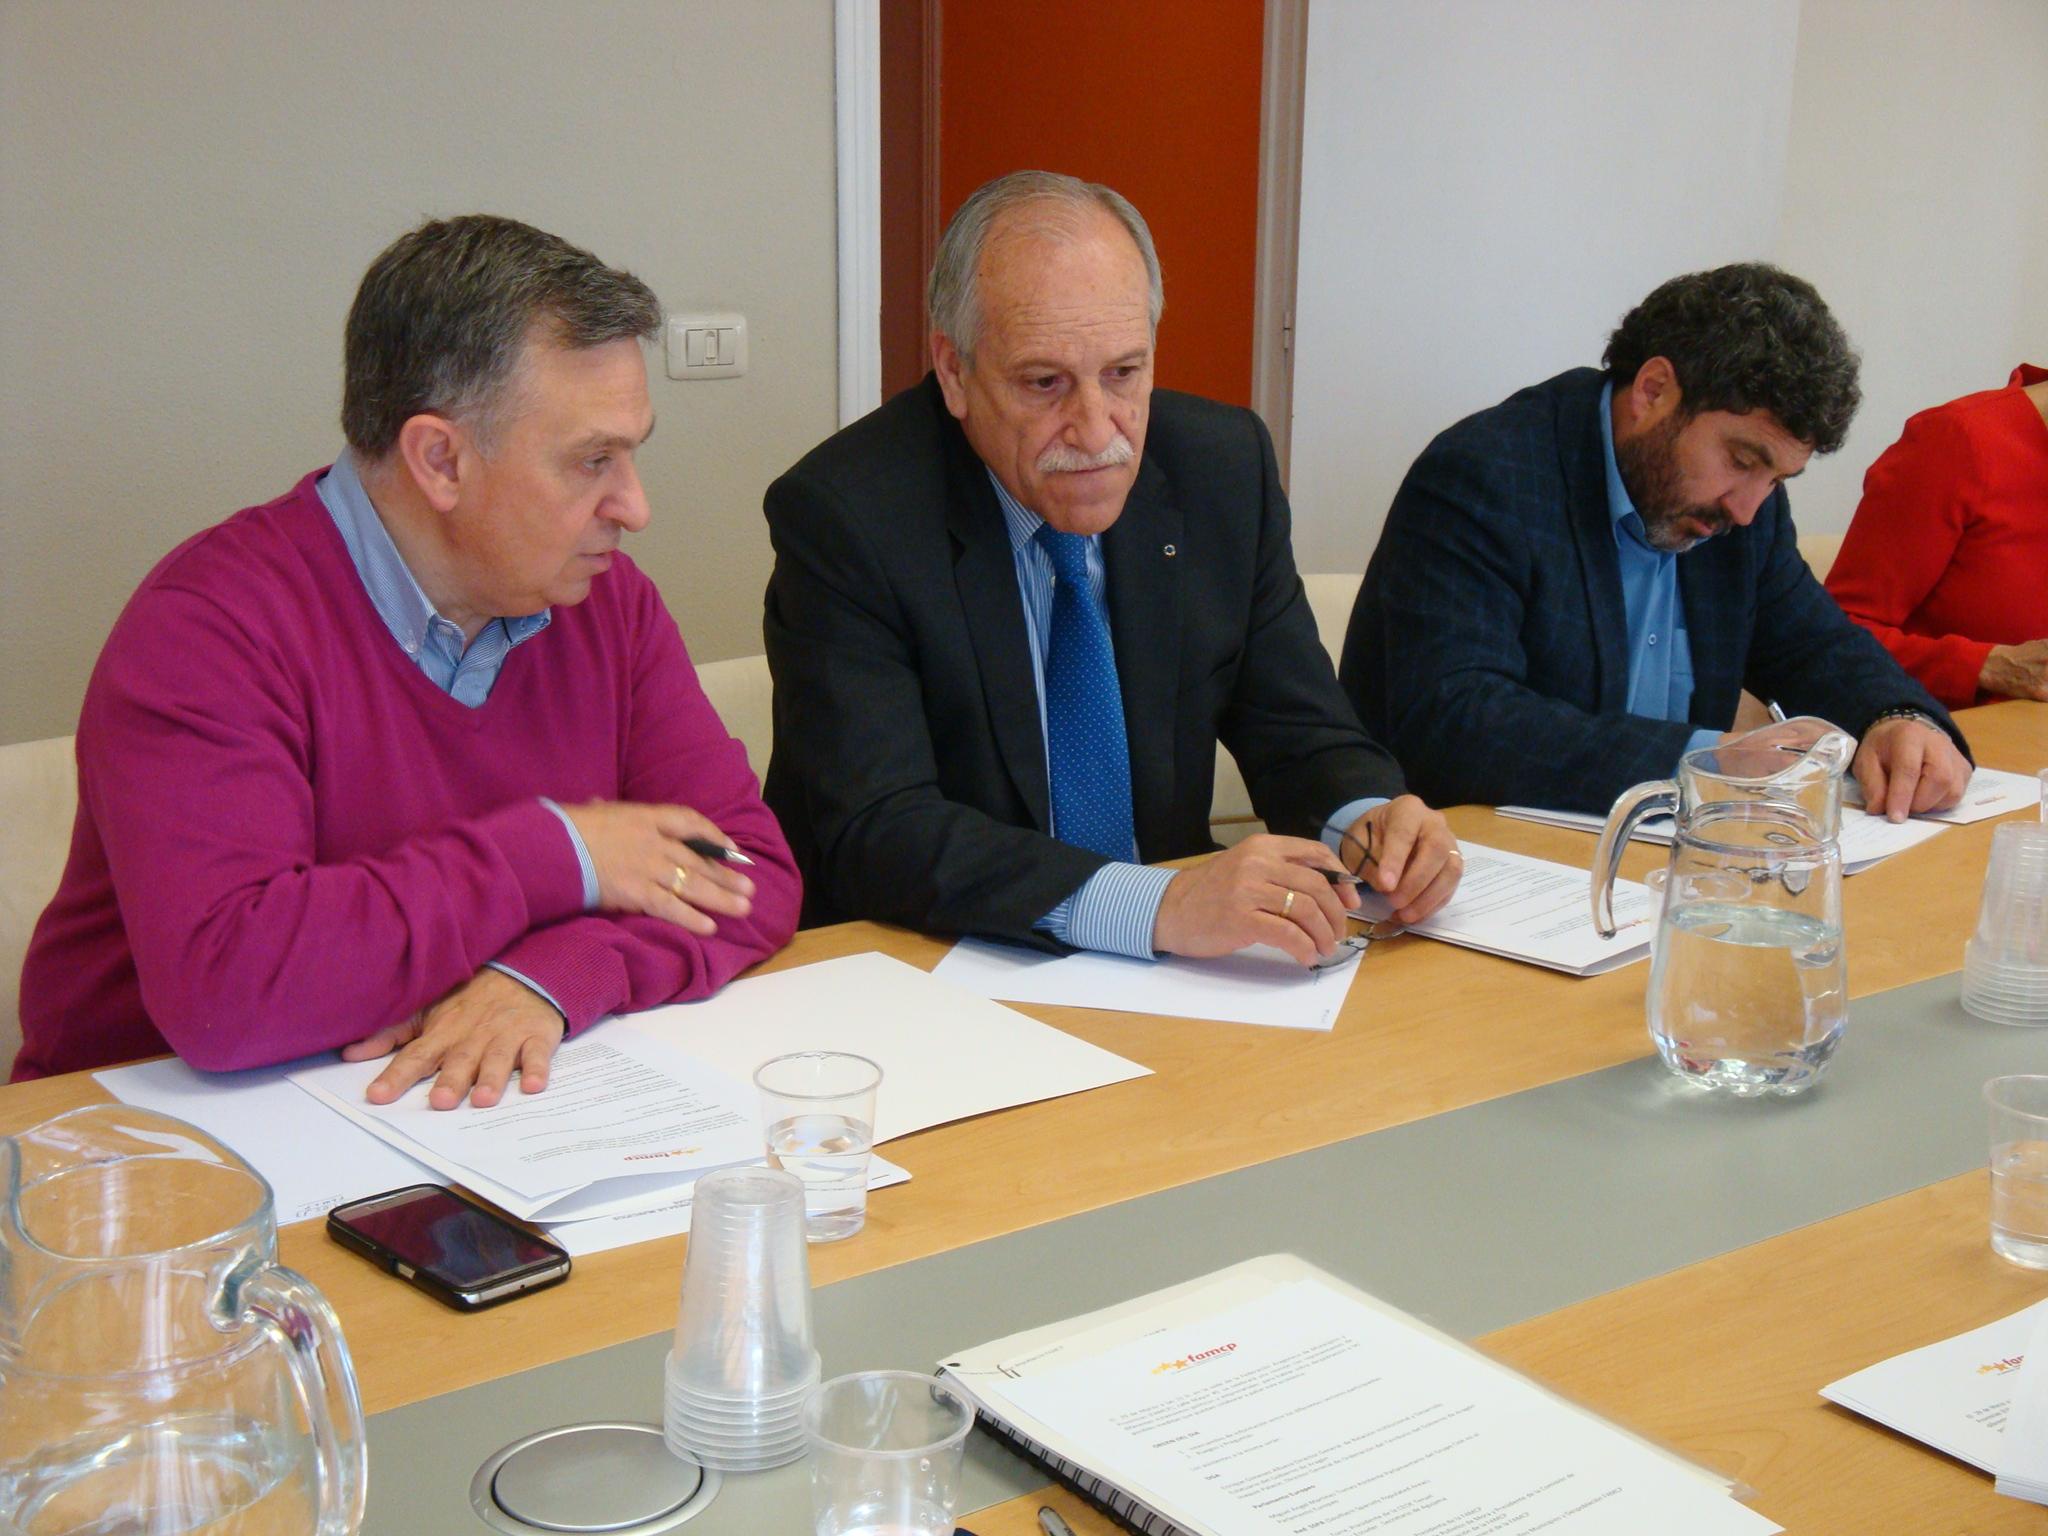 Desde la izquierda, el presidente de la Comisión de Pequeños Municipios y Despoblación de la FAMCP, Ángel Gracia, el presidente de CEOE Teruel, Carlos Torre, y el de CEPYME Teruel, Juan Carlos Escuder.
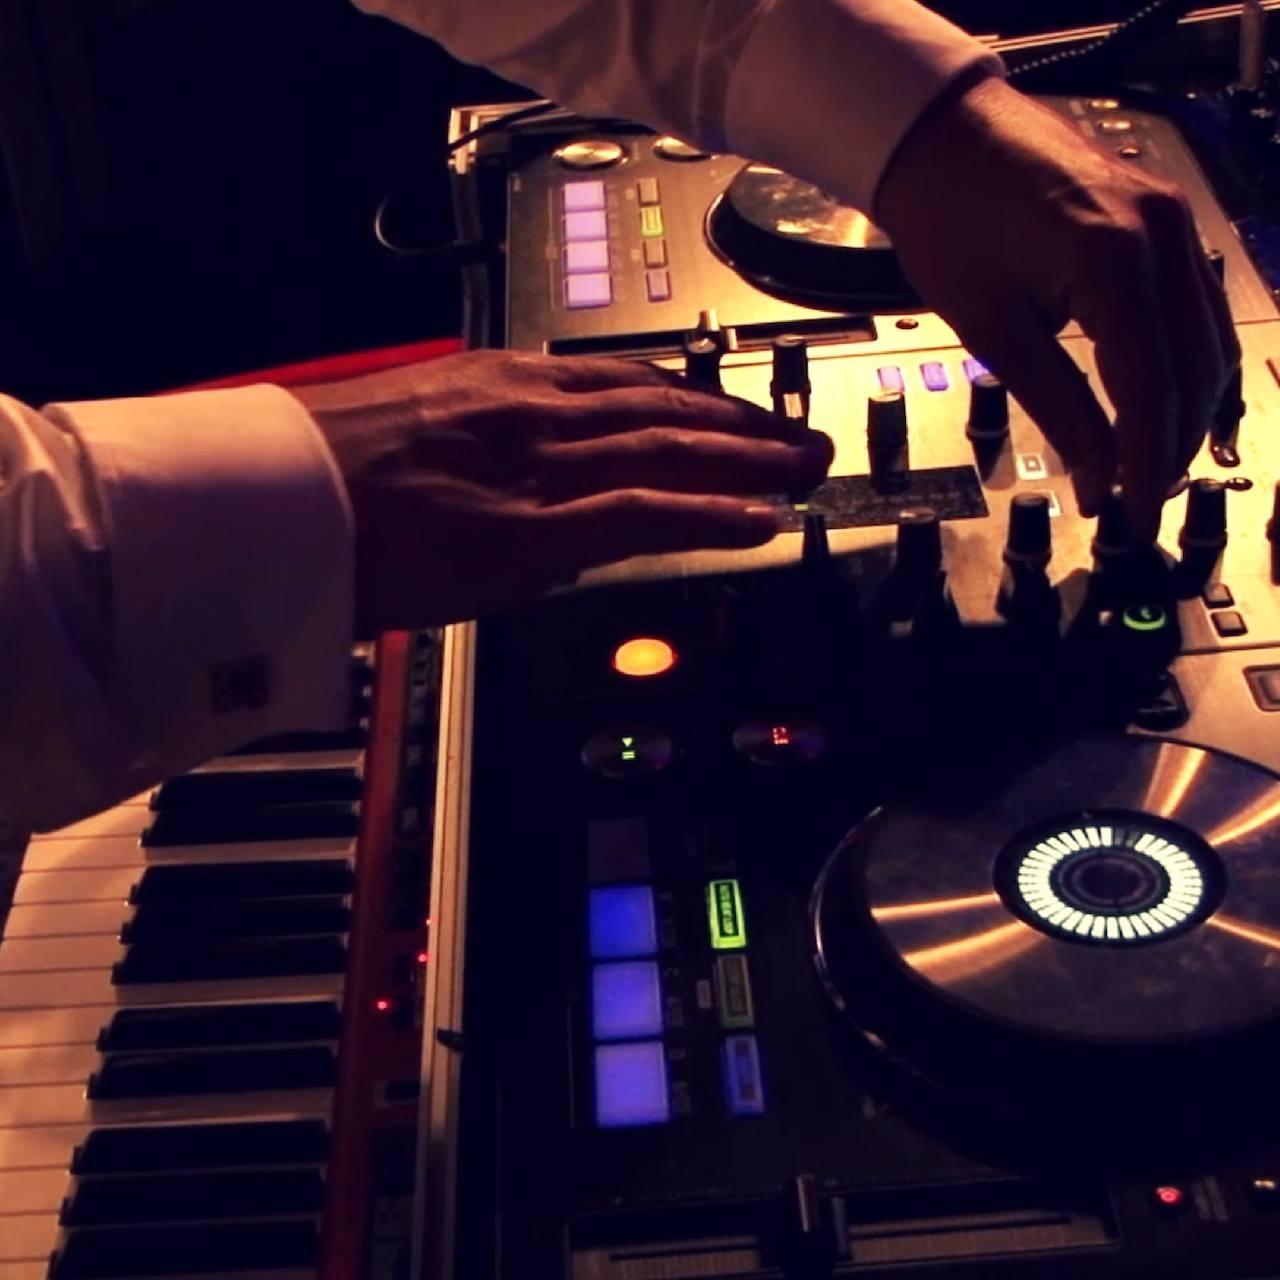 DJ-Booth gecombineerd met piano
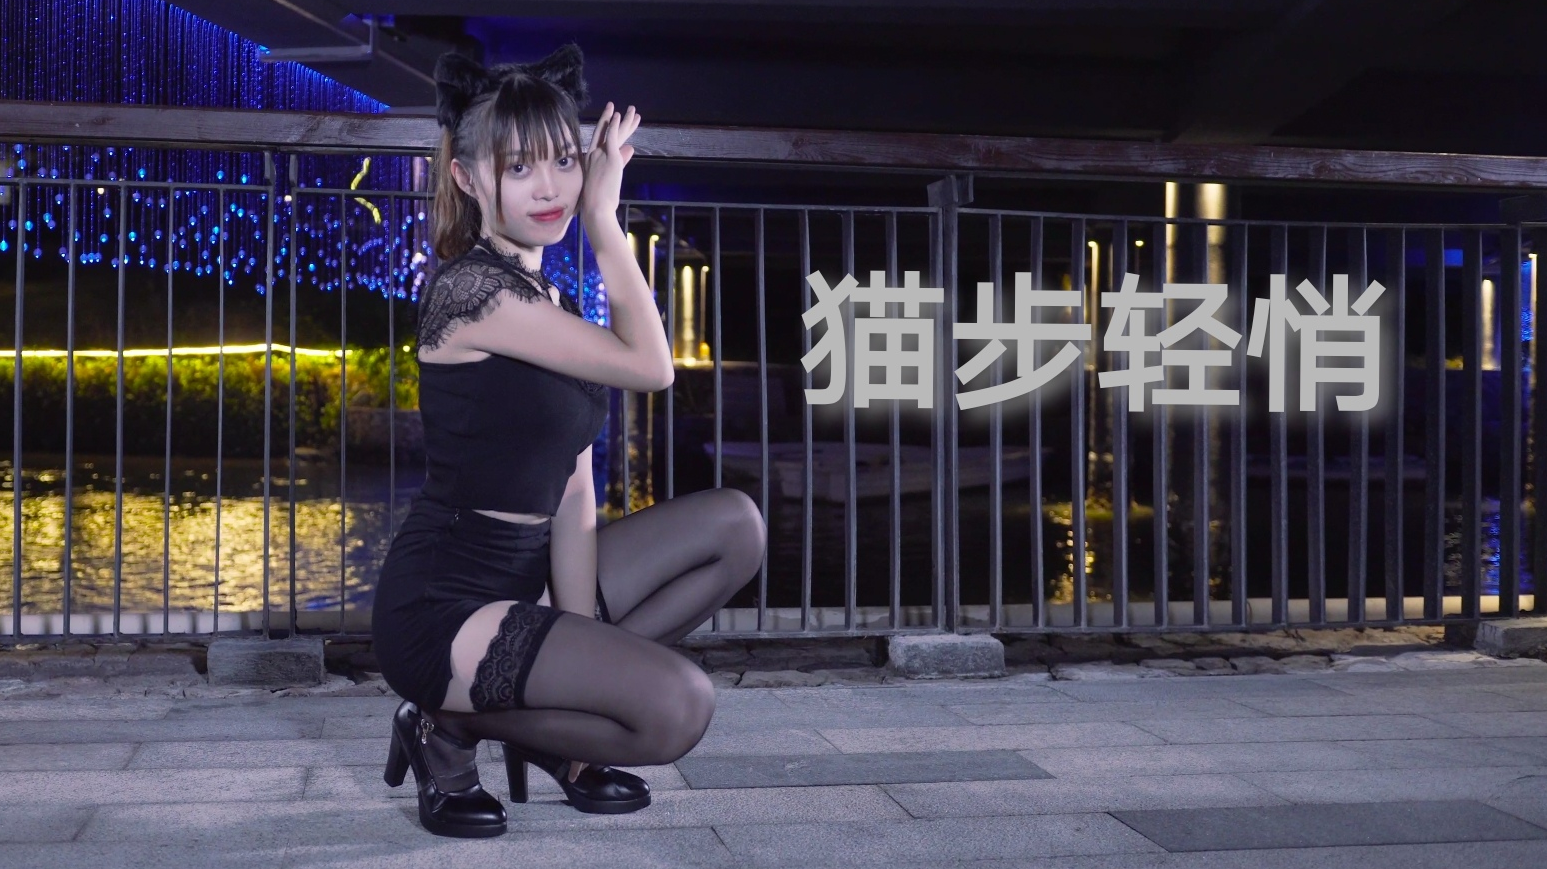 【凛曦月】性感挠人小野猫♡AOA猫步轻悄/Like a cat♡
────────────────
Prompt »
Retype the data word for word, please, and keep the images out.

Exercise answer »
 Desde la izquierda, el presidente de la Comisión de Pequeños Municipios y Despoblación de la FAMCP, Ángel Gracia, el presidente de CEOE Teruel, Carlos Torre, y el de CEPYME Teruel, Juan Carlos Escuder.
 DJ-Booth gecombineerd met piano
 【凛曦月】性感挠人小野猫♡AOA猫步轻悄/Like a cat♡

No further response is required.